Drug repurposing is a new strategy in drug discovery and development that has emerged as a new treatment for diseases [43] . This strategy involves a comprehensive molecular-level examination of the pharmacological effects of existing drugs that have already been clinically proven safe and pharmacokinetic and have been approved for use; the results are then employed in the development of new drugs. These results can also be applied to the development of existing drugs for the treatment of other diseases. EPS is currently the only aldose reductase inhibitor available for the treatment of diabetic neuropathy [44] . Under normal dosage, EPS is administered orally at a dose of 50 mg three times daily; a single oral dose of 50 mg results in a plasma EPS concentration of 3.9 mg/ml (12 mM) at 1 h (package insert). In this study, the effect of near plasma EPS concentrations on BAECs was demonstrated. Interestingly, other aldose reductase inhibitors, alrestatin and sorbinil failed to increase MTS reduction activity. No significant dose-dependent effects on aldose reductase activity were observed at any of the tested EPS concentrations (data not shown). These results suggest that the inhibition of aldose reductase does not contribute to the ability of EPS to increase MTS reductive activity.
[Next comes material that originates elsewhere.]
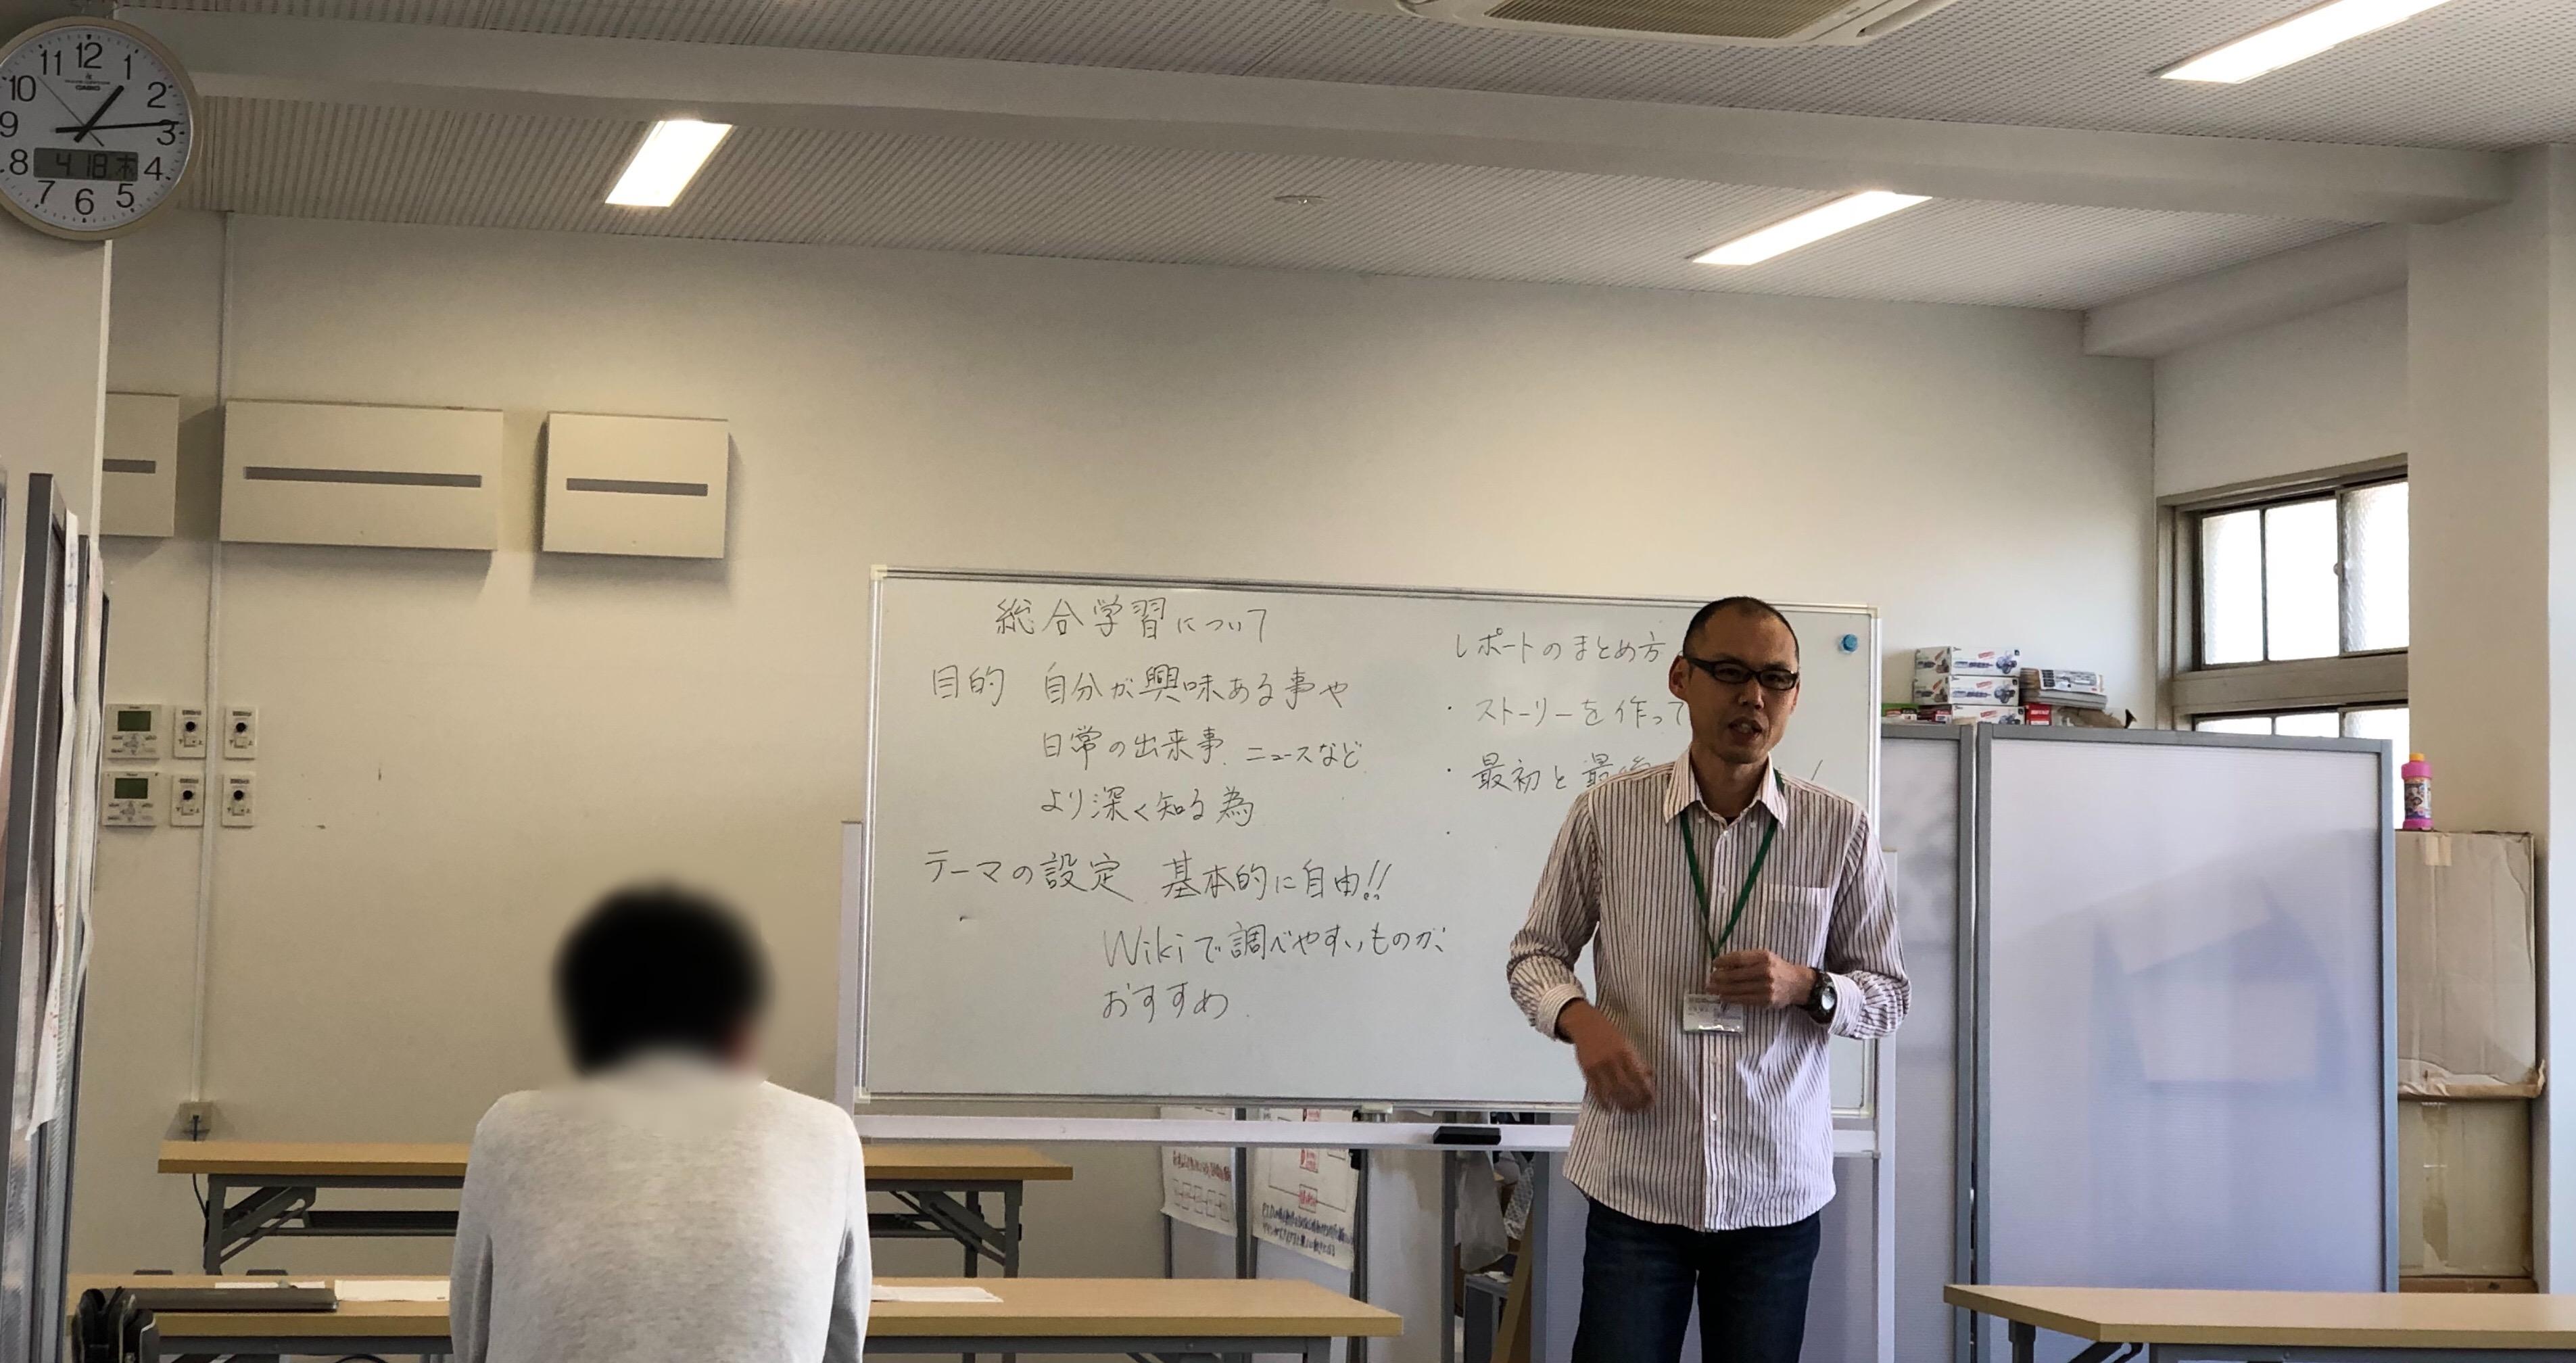 【福山】コミュニケーション講座

Our findings led us to propose that targeting the regulation of ATP production by EPS is a promising therapeutic approach for mitochondrial disorders.
6. Conclusion
This study could lead to breakthroughs in drug discovery and development. In this study, we demonstrated that EPS increased MTS reduction activity and ATP production, suggesting the beneficial effects of EPS. Therapeutic administration of EPS may be a useful new strategy to ameliorate not only diabetes but also diverse diseases related to mitochondrial disorders, such as neurodegenerative, heart, kidney, and other diseases.